J. D. Vance’s “Forgotten” Ohio Hometown Is on the Upswing
J. D. Vance portrays his hometown of Middletown, Ohio, as a dying backwater with a culture of irresponsibility and laziness. It’s actually seeing a revival — thanks not to a mindset change but to massive public investment of the type the GOP opposes.

Republican vice-presidential nominee J. D. Vance speaks at a campaign rally on July 22, 2024, in Middletown, Ohio. (Scott Olson / Getty Images)
“Renaissance.” So reads the massive billboard confronting those traveling east to Middletown, Ohio, via I-75. It’s an advertisement for Renaissance Pointe, a $200 million new construction development that broke ground in June.

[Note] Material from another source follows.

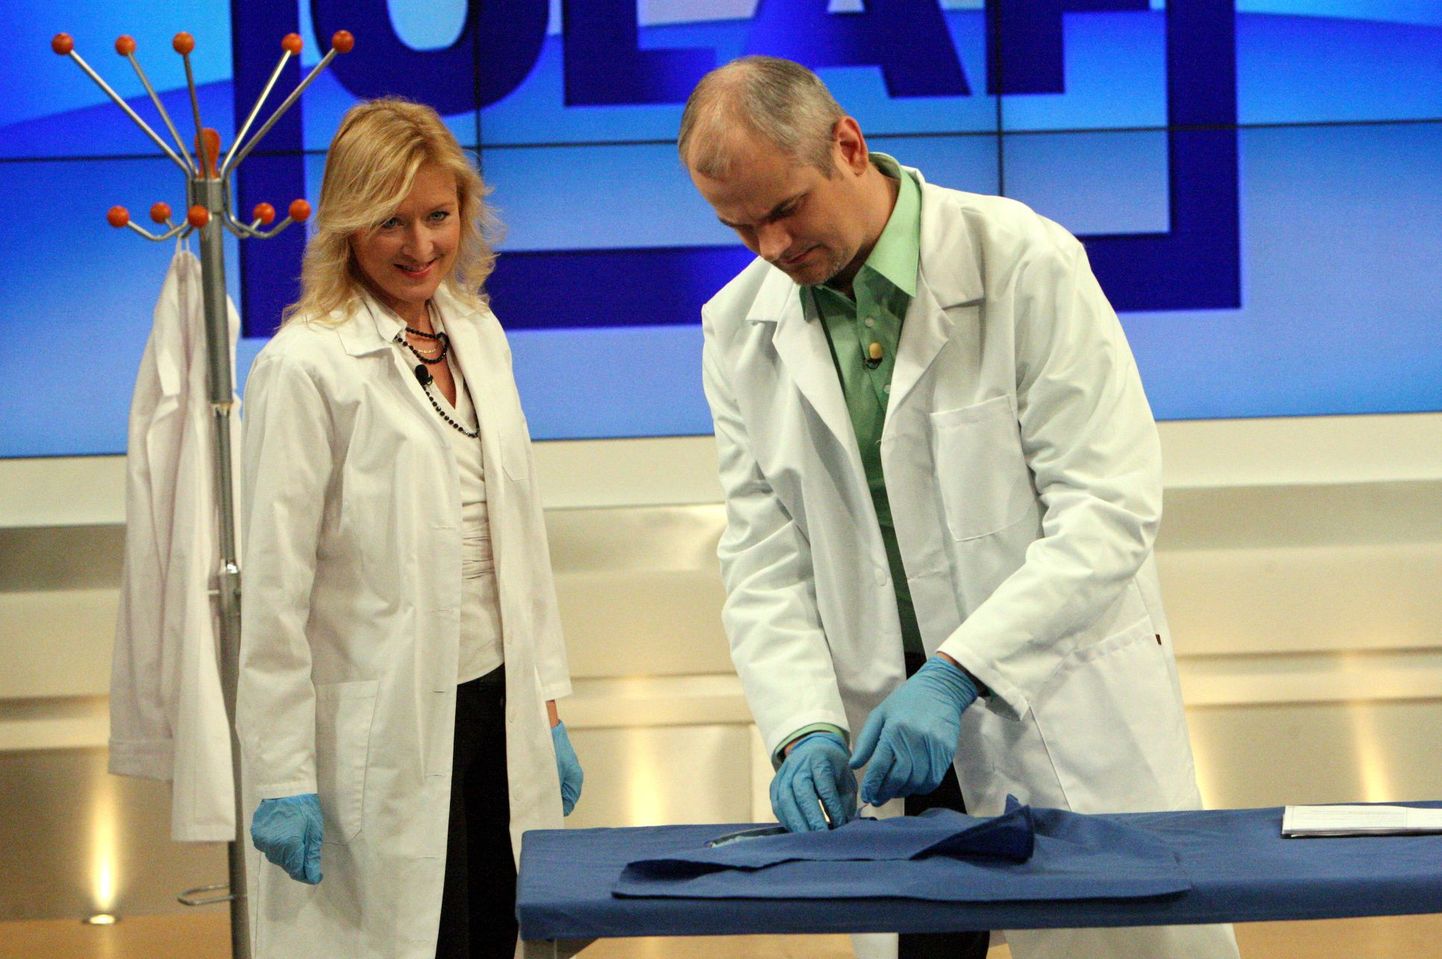 "Tohter Olaf" salvestus - Kanal 2 selle 
kevade uus saade on "Tohter Olaf". See on maailmakuulsa 
meditsiiniteemalise saate “The Dr. Oz Show” kodumaine versioon

The fifty-acre project promises to summon a host of retail shops, restaurants, hotels, and a three-thousand-seat, multipurpose arena to Middletown over the next decade.

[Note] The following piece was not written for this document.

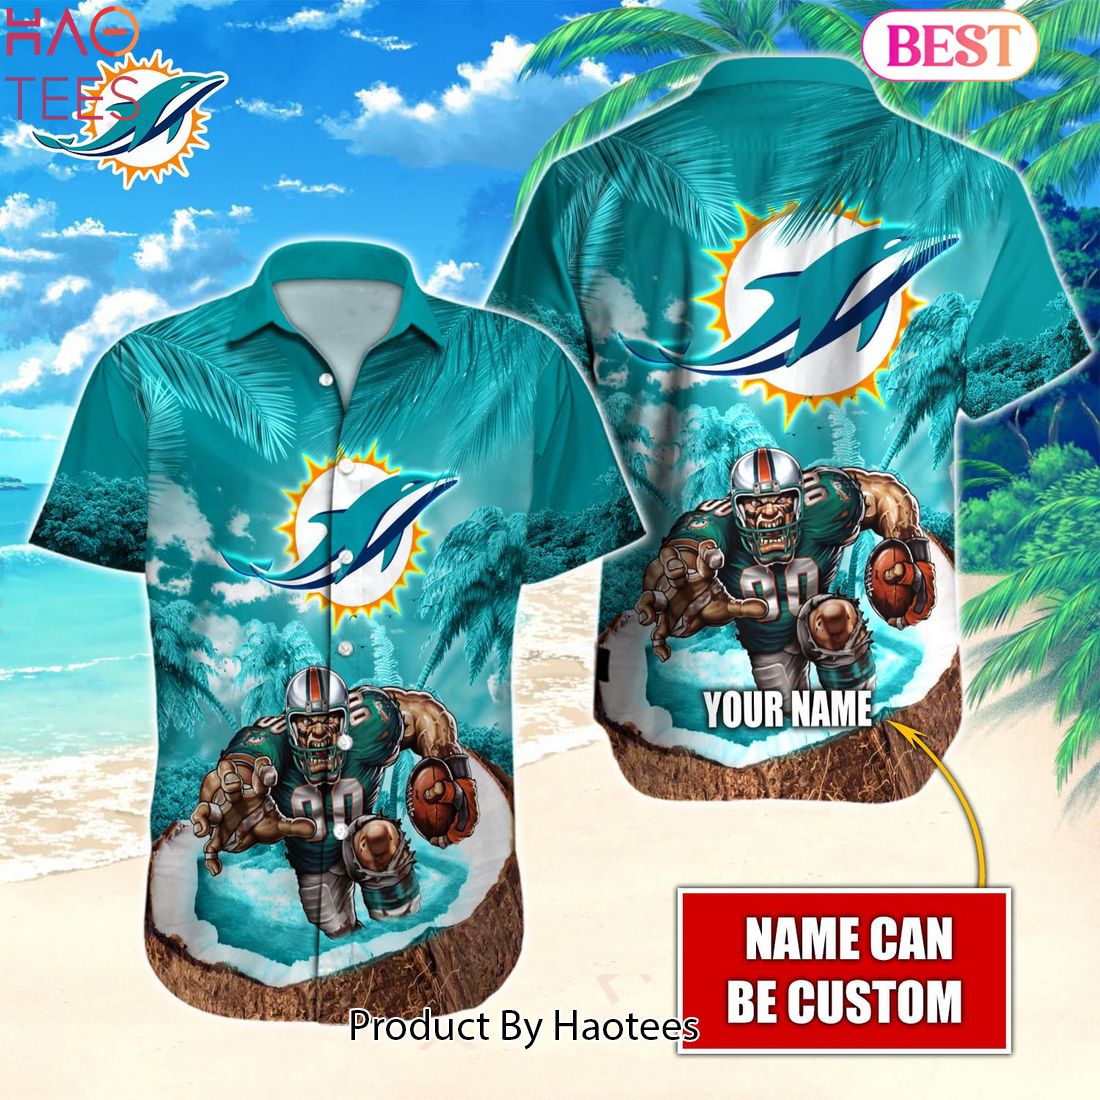 Miami Dolphins Football Ball Hawaiian Shirt - Reallgraphics

Down the road in the downtown historic district, N.E.W. Ales Brewing, a women-owned brewery, slings craft beer within walking distance of Sorg Opera House, a nineteenth-century performing arts center reopened in 2017.
This portrait might surprise those whose source knowledge of Middletown is GOP vice presidential candidate J. D. Vance. His 2016 coming-of-age-memoir-turned-Netflix biopic, Hillbilly Elegy, described his hometown as “little more than a relic of American industrial glory” — a place “hemorrhaging jobs and hope.”